How Original is Generative AI?
Although generative AI may be closer to human intelligence than earlier forms of AI, it still relies on learning from previously created content to generate new content, and that can easily propagate any biased data found in the original content. This presents another reason for caution, particularly for future applications that may involve diagnoses, triage, and treatment recommendations.
“The term ‘original is somewhat up to debate because in order to create new content, generative AI models require training and learning from prior datasets,” said Dr. Iloreta.
This is not a small point. Rayid Ghani, PhD, a distinguished career professor in the machine learning department of the Heinz College of Information Systems and Public Policy at Carnegie Mellon University in Pittsburgh, called AI a potentially wonderful tool in healthcare, but added a caveat. He underscored that the information that generative AI uses to learn about patients with type 2 diabetes or chronic kidney/liver conditions, among others, will come from existing information and data sources such as clinical guidelines, research literature, and data generated by existing clinical care practices.
“Each of these data sources comes with its own issues,” he said. For example, he said that guidelines are typically overly simplistic in that they aren’t uniformly accurate for all populations of patients, typically those who aren’t White, and therefore some diseases like type 2 diabetes or chronic liver/kidney conditions are often underdiagnosed in minority populations. Using such existing data will continue to generate information that isn’t representative of all populations, he cautioned, and will lead to persistent underdiagnosis of certain conditions.

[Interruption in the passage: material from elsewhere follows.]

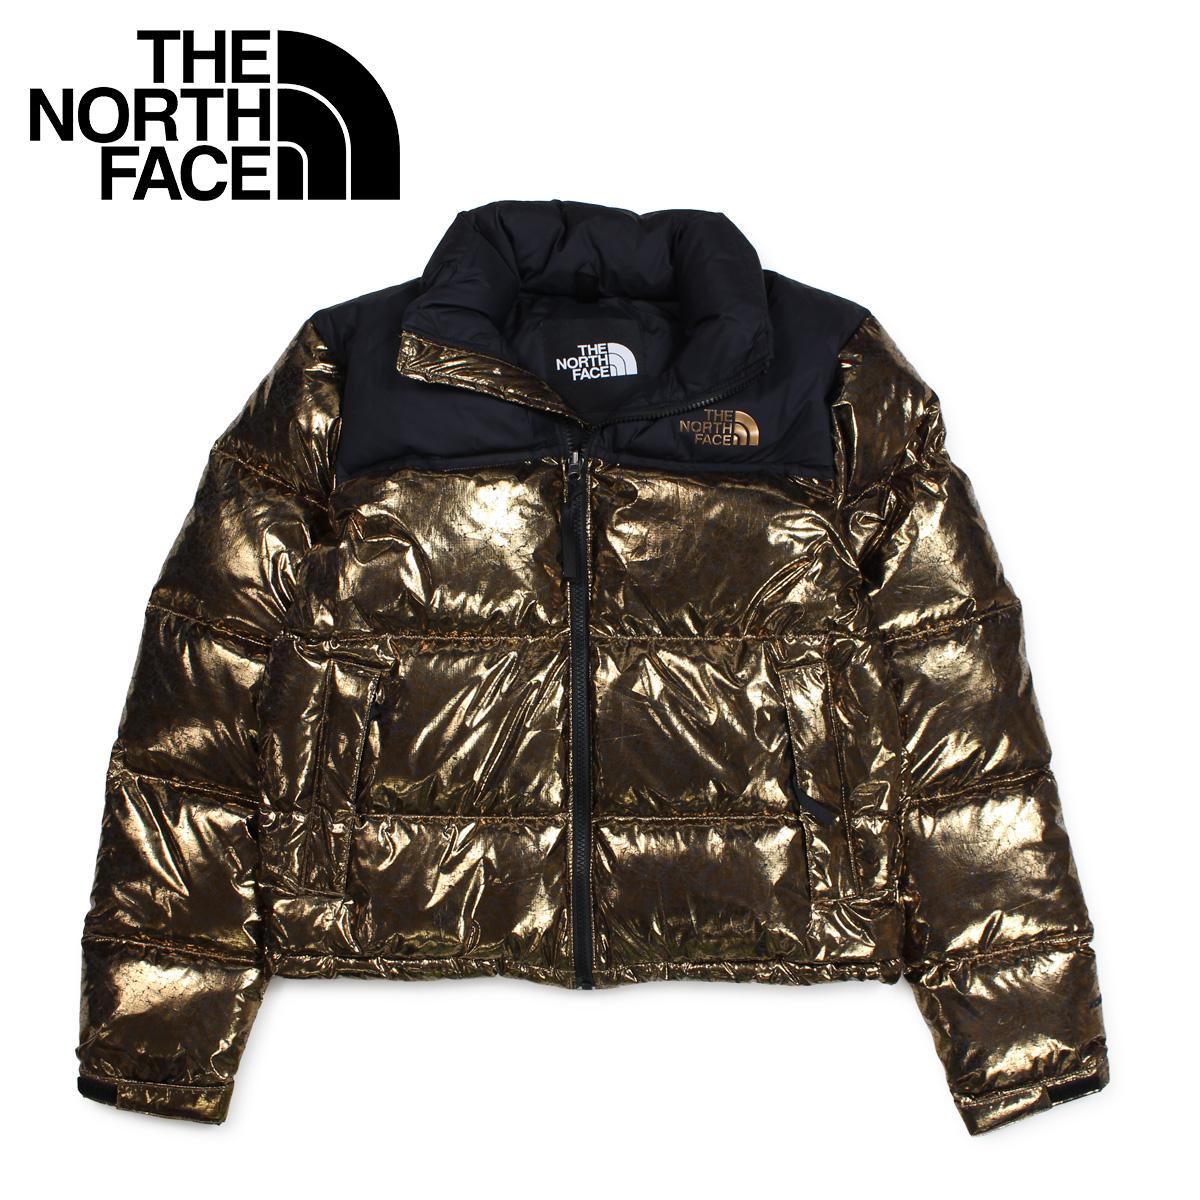 THE NORTH FACE WOMENS 1996 RETRO NUPTSE JACKET ノースフェイス ダウン ヌプシ ジャケット 1996レトロ レディース メンズ カッパー NF0A3JQR

For Dr. Ghani, there is value in AI tools only if they’re developed correctly and deliberately to achieve outcomes that we care about. “If you think the old system is inequitable and biased and you want to use AI to improve equity and outcomes, then you have to design AI to deliberately do that,” he said.

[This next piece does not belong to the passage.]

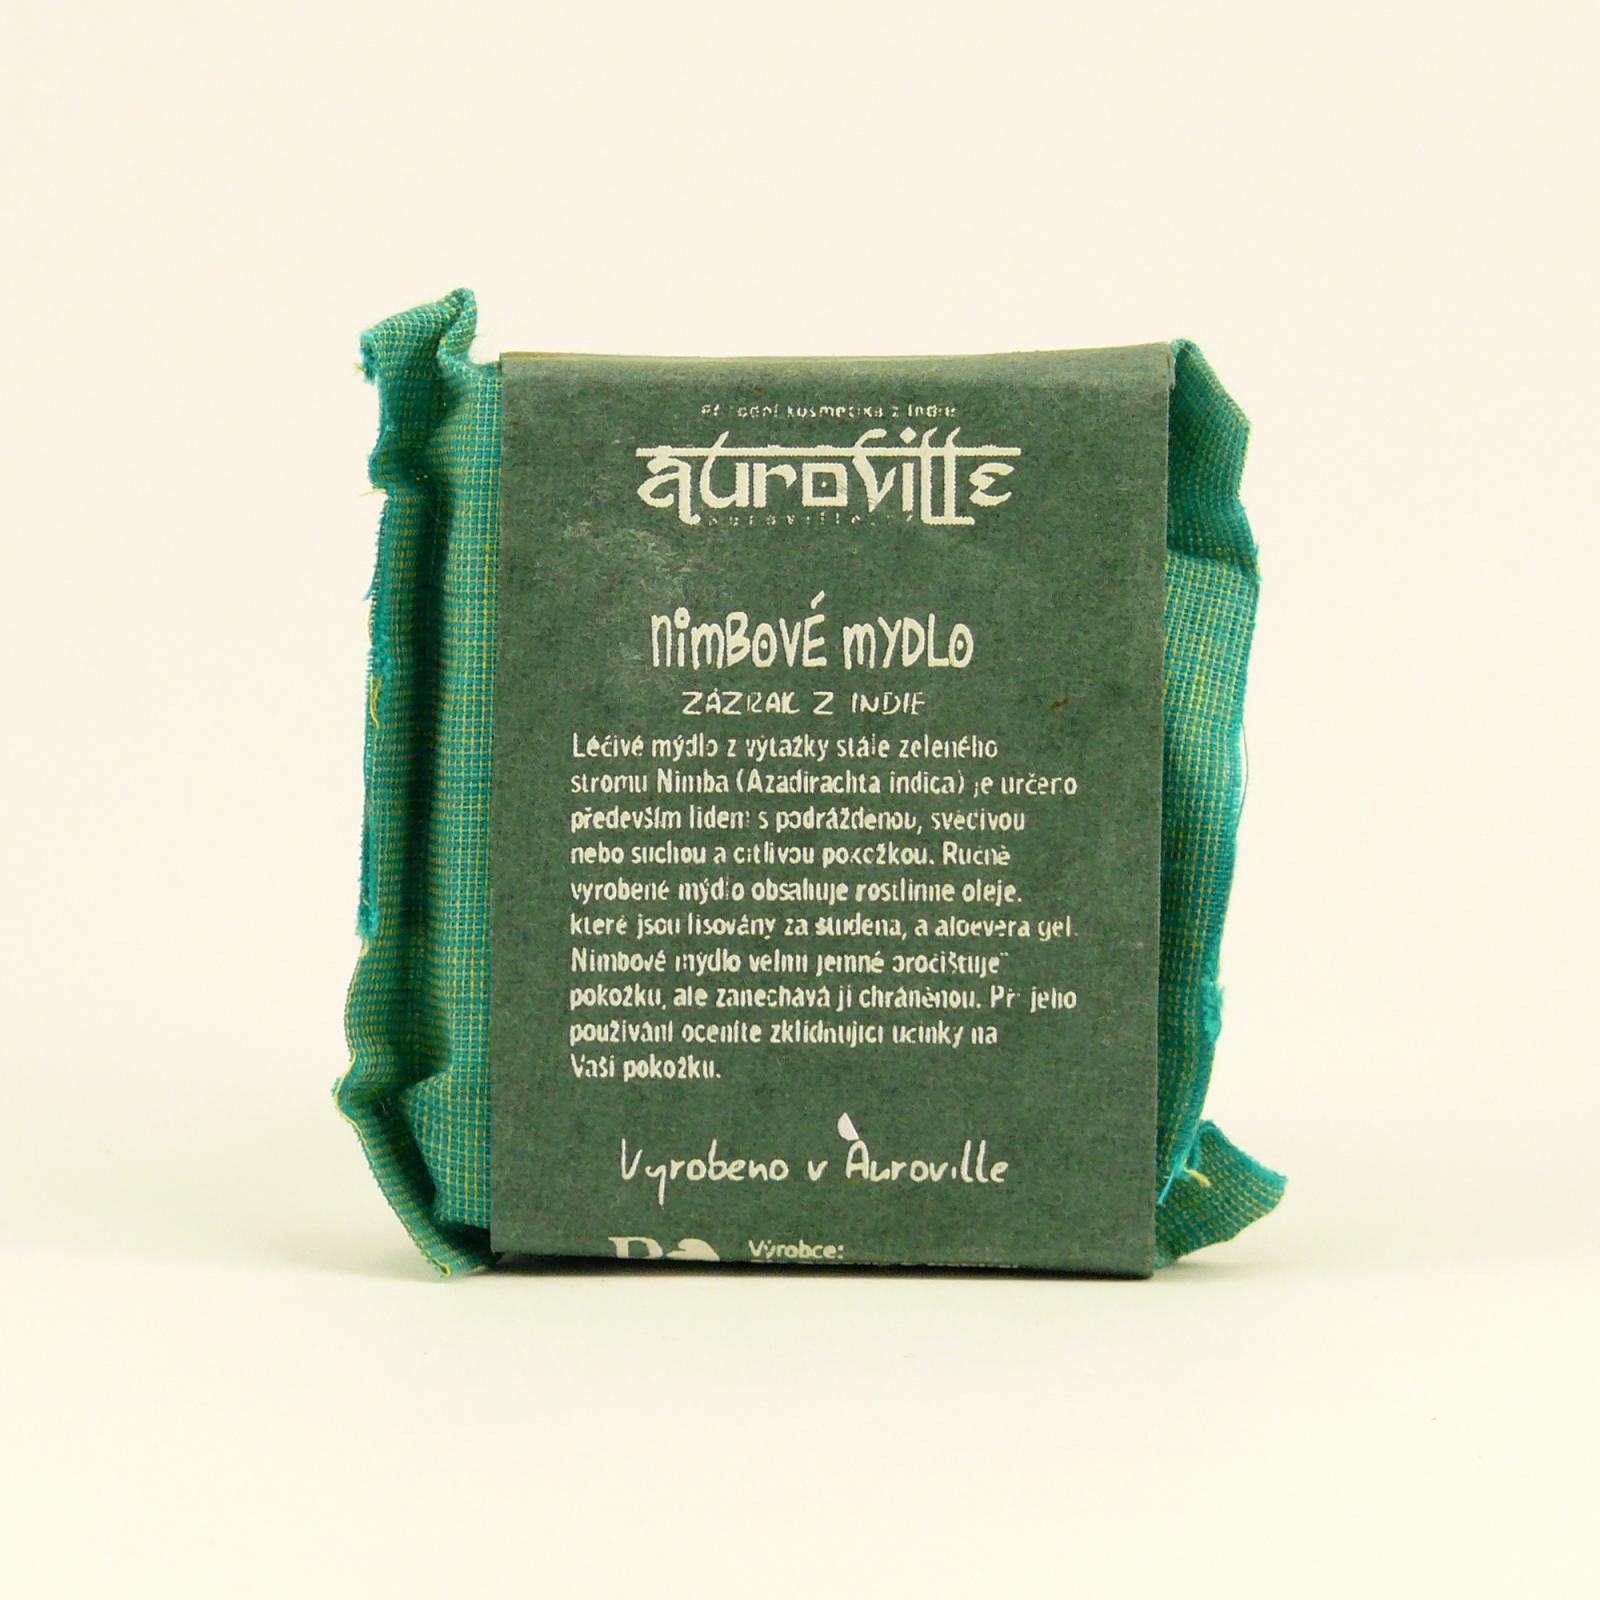 Auroville Mýdlo nimba, Bon Auroville 50 g

Maya G. Sardesai, MD, MEd, an associate professor of otolaryngology–head and neck surgery and assistant dean for student development at UW School of Medicine in Seattle, sees AI as playing an important role in education and training (as will be discussed in article four in this series on extended/augmented reality), but also cautioned that generative AI may not be accurate, comprehensive, and representative of all patients. “There is a risk of perpetuating or propagating bias or having a disproportionate amount of incorrect information that feeds the analysis, and then what AI generates may not offer a fair or proportionate representation of what we’re trying to look at,” she said.
For otolaryngologists, this may come in the form of images of faces generated from what AI has learned through information on publicly available data sources. Such images may potentially be biased toward certain types of faces and may not represent a particular patient, a concern particularly for plastic surgeons in this case. “We need to be careful and strategic when using this generative AI,” said Dr. Sardesai.
Mary Beth Nierengarten is a freelance medical writer based in Minnesota.